The clinician-based classification that was used as a comparison had a 100% agreement
rate between researchers, so it can be considered a good validation tool for the data
algorithm. Since the database used in the study was completely encrypted and it was
not possible to use the entire database for, e.g., text mining, we searched the database
for as comprehensive a selection of treatment focus and content-related phrases as
possible. The researcher who selected the phrases was trained to use the database
and an experienced psychiatrist was acting as a backup in this process. However, it
is possible that with the help of text mining we could have obtained a wider sample
of phrases, which might have resulted in even better functioning with the algorithm.

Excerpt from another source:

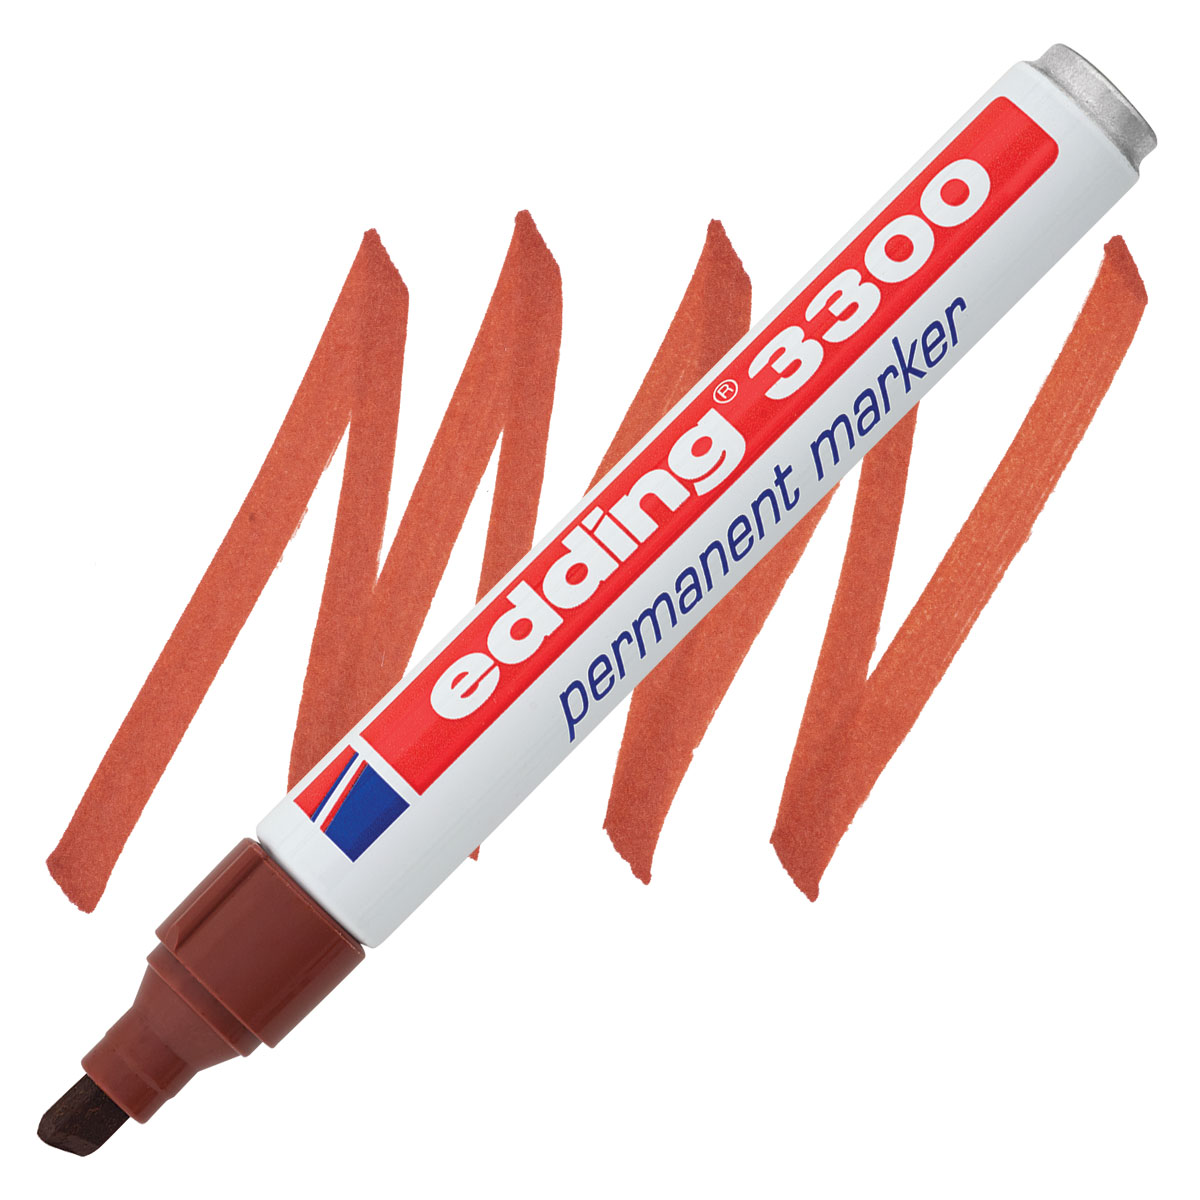 Edding Permanent Marker - Dark Brown, 3000, Bullet Nib

However, we believe that the most important text contents were included by extracting
the phrases.
Obviously, our current study is among the first using machine learning for psychiatric
data.
Adverse events in health care are a global concern. Although patient safety improvement
efforts have increased in the past 20 years, new ways to enhance the safety of care
are needed. Learning from patient injuries requires understanding about injury types
and causes. Traditionally, this needs to be done manually case by case and arising
trends in the patient injury data may not be recognized. The use of machine learning
in the classification of data can solve these problems and sustain an up-to-date classification
of injuries and be applied in prospective risk analyses for developing processes in
health care systems.
Natural language processing was not used, because this was our first classification
study for the current data. In the future, it is, naturally, reasonable to be applied
at least for the preprocessing of phrases. Nevertheless, the final consideration,
e.g., how to make phrase groups, requires deep psychiatric expertise that is hardly
possible to automatize. In the future, it is important to collect more corresponding
data, since this would possibly produce better classification results. It could also
be possible to attempt to extend this type of classification study to other medical
specialties.
Conclusion
It can be concluded that the classification into six classes as such is reasonable
and possibly useful. Further, particularly using the modified SMOTE algorithm the
classification task of six present classes was successful. The binary classification
task of the compensation claim decision data was more complex because of its skewed
class distribution. Nevertheless, this approach could also be a reasonable approach,
but only after having used the modified SMOTE algorithm as described to balance two
classes of the current data.
The machine learning classification appears to be a promising method for detecting
different types of patient claims and injuries. This kind of modelling could be used
in larger long-term data for monitoring and predicting temporal trends and developing
indicators of quality for different dimensions in clinical treatment.